Антон остался один. Он долго лежал с открытыми глазами, размышлял, курил. Уснул незаметно и сразу, словно провалился в черную пустоту.
Утром его разбудил радостный возглас обходчика.
- Хе-хе!.. Письмецо от дочки!..
Антон протер слипавшиеся глаза.
Старик стоял посреди комнаты в плаще, как ушел вчера, и осторожно, по самому краешку, обрывал серенький конверт. Все лицо его светилось довольной улыбкой.
- Оно, что же, воздушной почтой пришло? - спросил Антон.
- Нет, у нас своя получше. Дочка передала на попутный поезд тормозному, а он мне кинул.
Антон начал одеваться, в то же время не спуская глаз с путеобходчика.
Тот читал медленно, по складам, и вместе с чтением сходила радостная улыбка с лица, постепенно оно принимало хмурое и вместе скорбное выражение. Окончив читать, он долго стоял, опустив голову и руки, потом медленно подошел к столу, сел на табуретку.
- Что случилось, Трофим Платоныч? - Антон тронул его за плечо. - С дочкой неладно?..
Старик молча протянул ему развернутое письмо. После приветствий и расспросов о житье-бытье Валя Мукосеева писала:
Папа, я никогда не скрывала от тебя ни плохое, ни хорошее. Не хочу скрывать и сейчас. У меня произошла большая неприятность: я не сдала экзамен по одному предмету и лишилась стипендии. И все мои планы на лето рухнули! Я хотела хоть ненадолго приехать домой, проведать тебя, но теперь не жди. Я не могу садиться тебе на шею в такое трудное время, - пойми меня и не сердись. На каникулы я устраиваюсь сестрой в госпиталь. Это будет для меня дополнительная практика и на прожитие заработаю. Я так и так хотела идти работать, чтобы сэкономить стипендию и что-нибудь приобрести на нее. Но ничего не поделаешь, раз так получилось! Нужно как-то переживать и это. Я очень прошу тебя не расстраиваться. Не беспокойся, не такая у тебя дочь, чтобы при первой же беде опустила руки. Все будет хорошо.

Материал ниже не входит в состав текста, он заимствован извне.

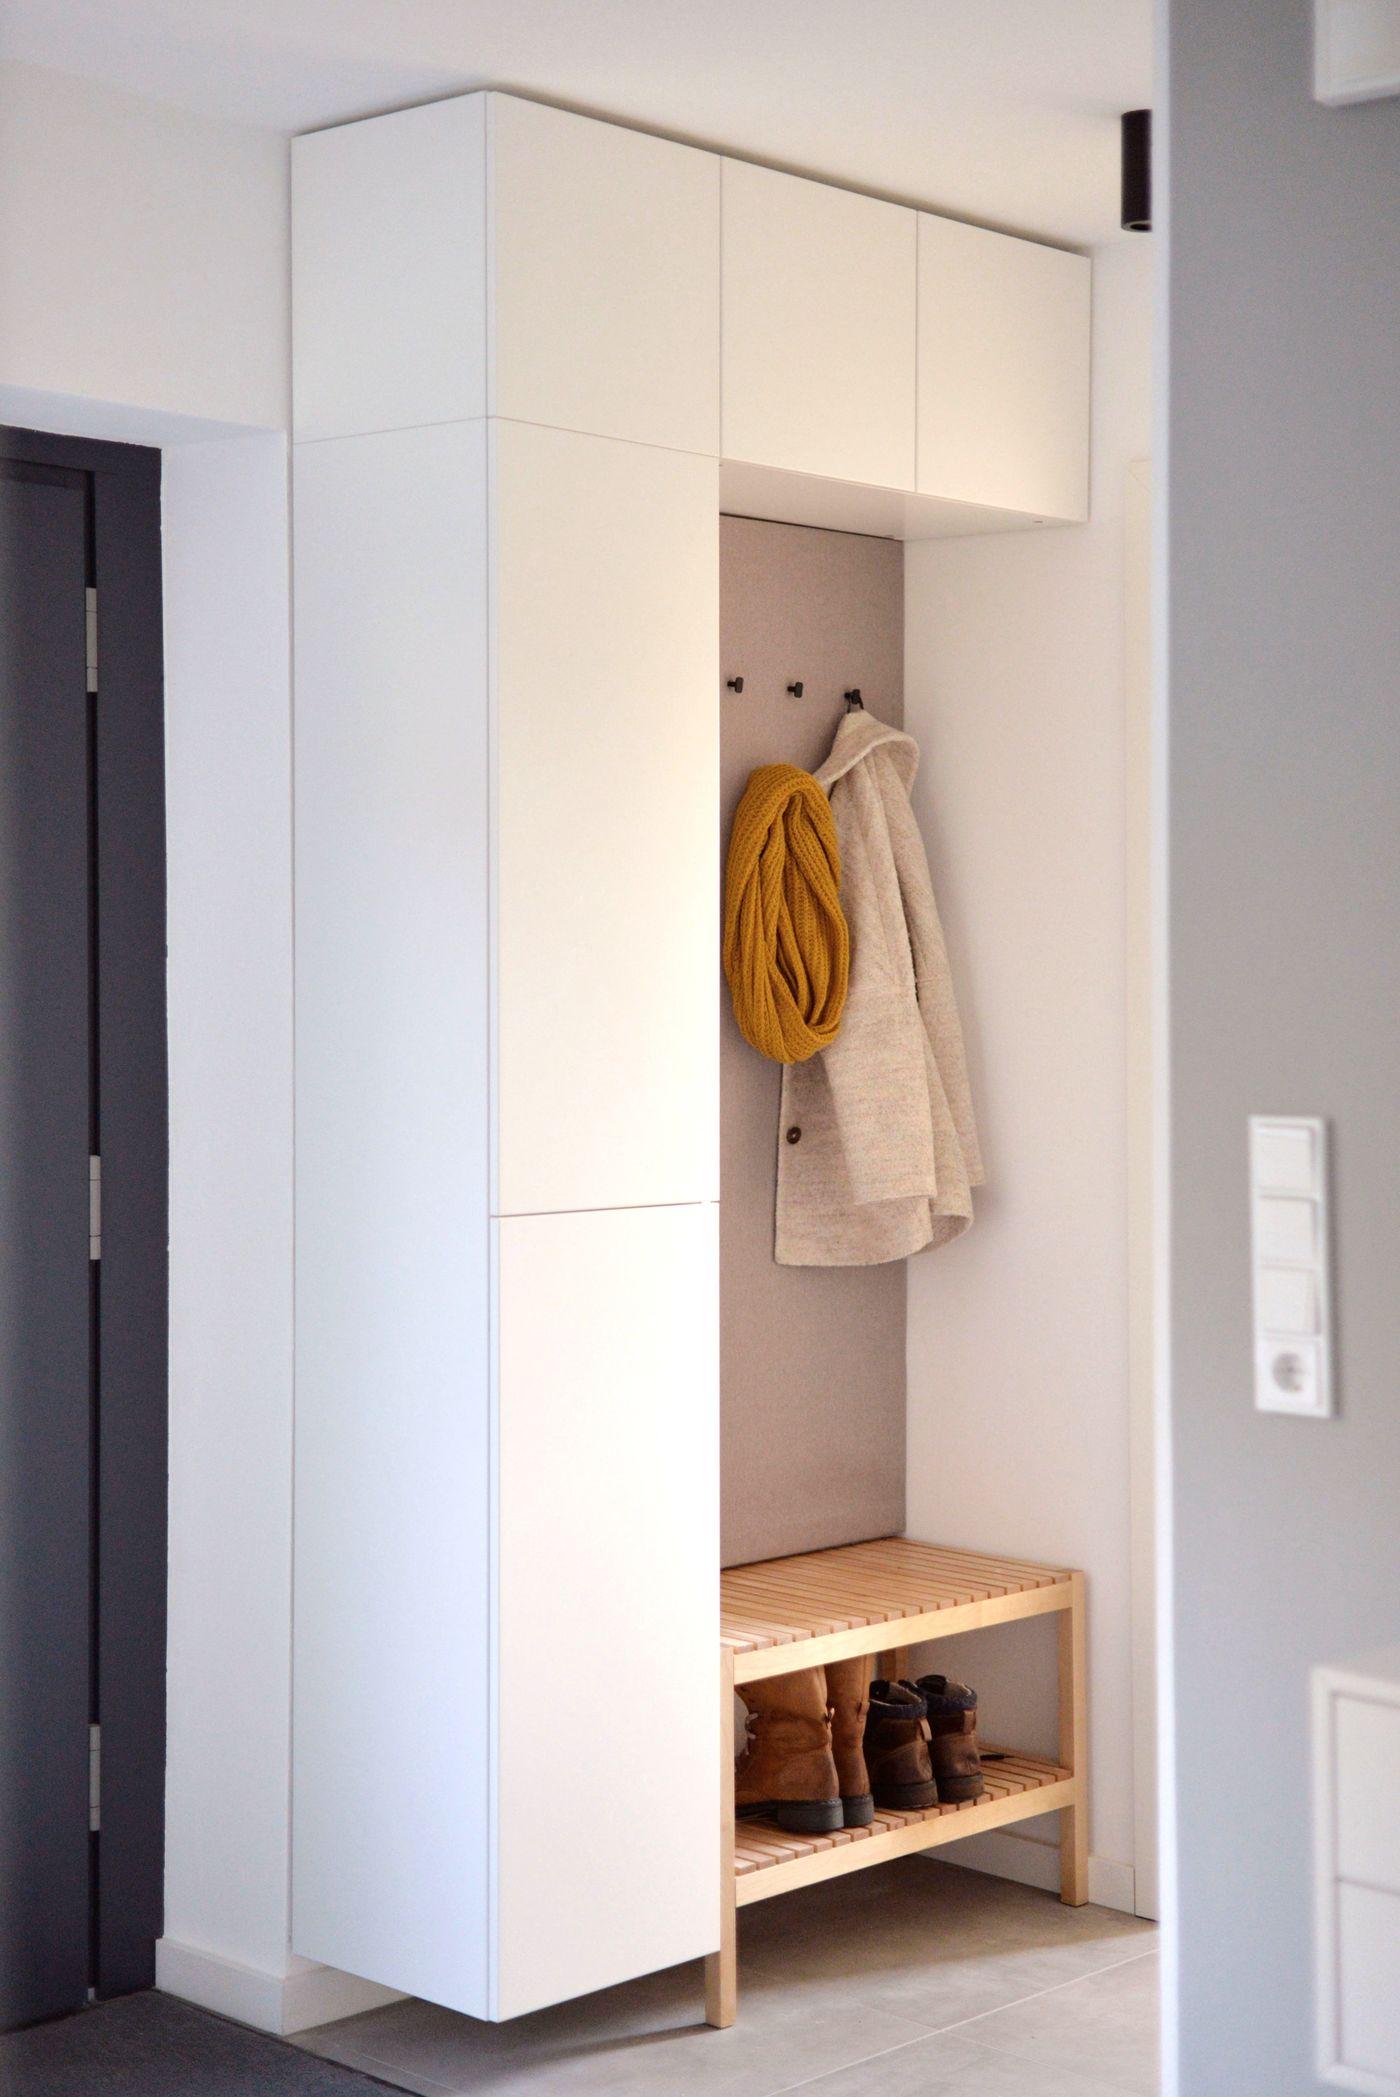 Full Size of Ikea Hacks Aufbewahrung 6 Praktische Fr Den Flur Solebichde Küche Kosten Aufbewahrungssystem Betten Bei Aufbewahrungsbox Garten Bett Mit Wohnzimmer Ikea Hacks Aufbewahrung

Крепко, крепко целую тебя.
Твоя дочка.
- Н-да, не очень-то веселая весточка, - проговорил Антон, в глубине души радуясь столь неожиданному обороту дела. - Нужно бы помочь ей, Трофим Платоныч. А?..

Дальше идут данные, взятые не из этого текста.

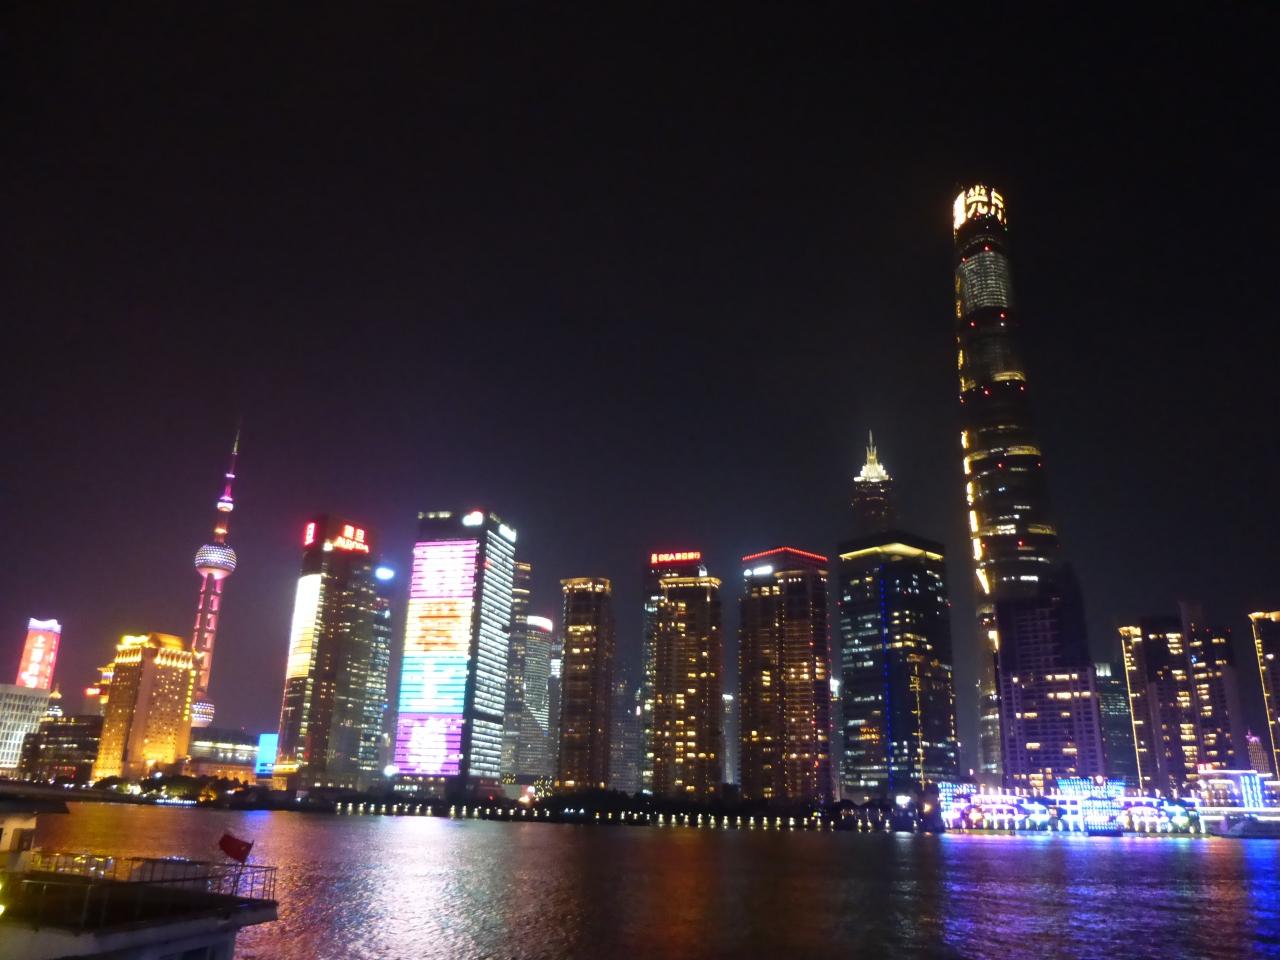 上海ディズニーランド旅行 その1 往路機内・ラウンジ編』上海(中国)の

- Да чем?! - воскликнул старик. - У меня всех денег рублей семьдесят наберется, не больше. Капля в море…
Помолчали…
- Знаете, что, - предложил Антон. - Возьмите у меня. Да вы не удивляйтесь… Ей-богу, я от всего сердца… Мне ж ничего не стоит, деньги все равно без толку лежат. А потом постепенно, когда разживетесь, отдадите. Мне не к спеху…

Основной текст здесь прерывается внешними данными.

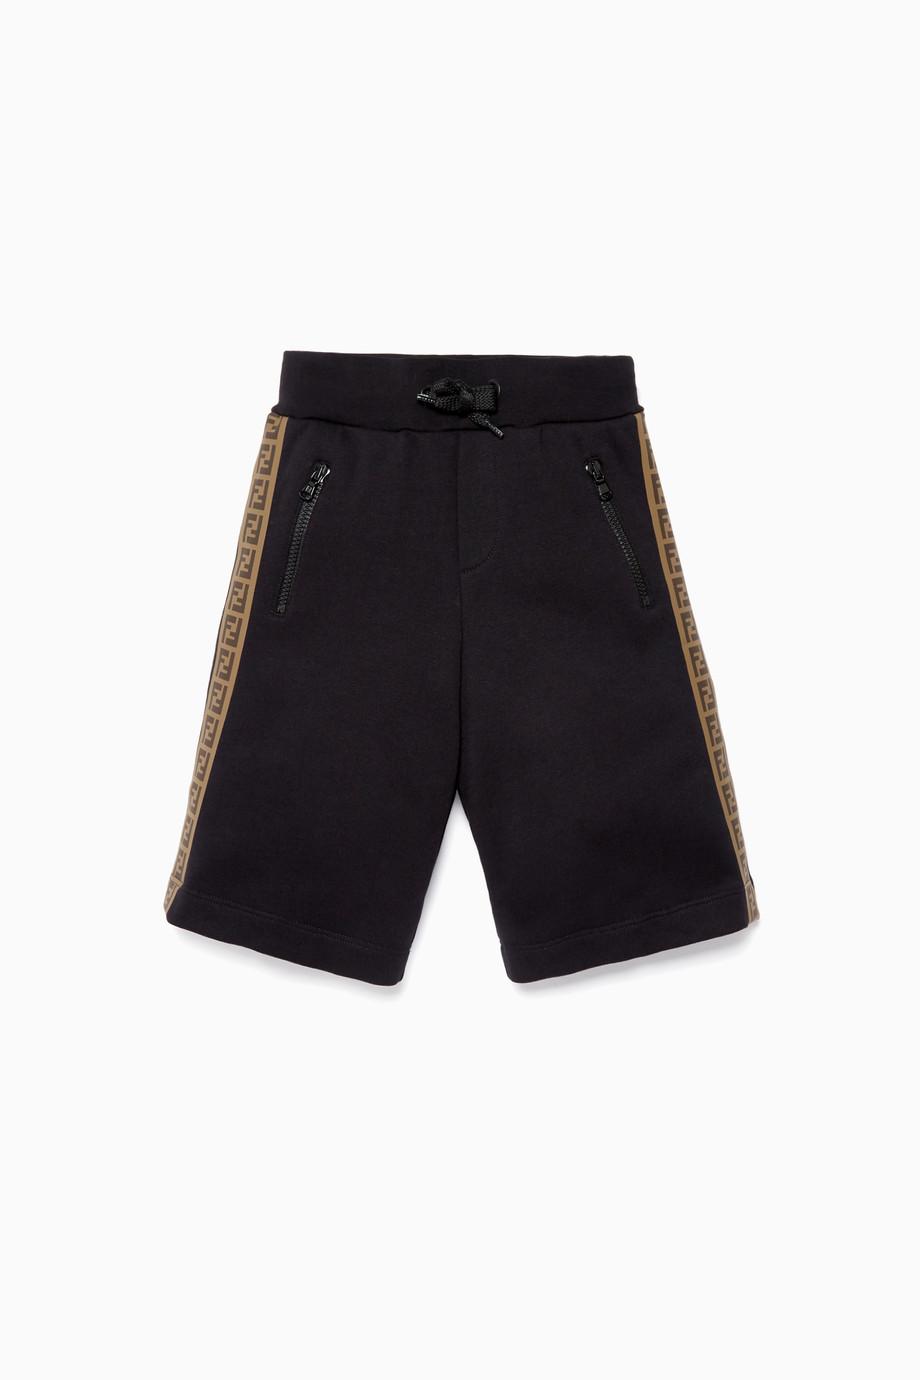 4a91550f4 Shop Fendi Black Black Logo-Tape Drawstring Shorts for Kids

- Не знаю, что вам и ответить, - задумчиво проговорил обходчик. - Спасибо, конечно, но как-то не того…
- А, ерунда! Мы ж знаем друг друга… Я сейчас пойду домой, а к вечеру принесу, и вы пошлете. Не думайте, не расстраивайтесь. С кем беды не бывает…
Вечером Антон принес тысячу рублей. Старик наотрез отказался взять такую сумму.
- Получаю я немного, и отдавать будет тяжело. Я в жизни никогда не занимал и терпеть не могу долгов. Нет, нет!..
В конце концов, он согласился взять половину. Аккуратно пересчитал полученные бумажки и положил в сундук. Потом вооружился очками и на тетрадочном листке, под диктовку Антона, написал расписку.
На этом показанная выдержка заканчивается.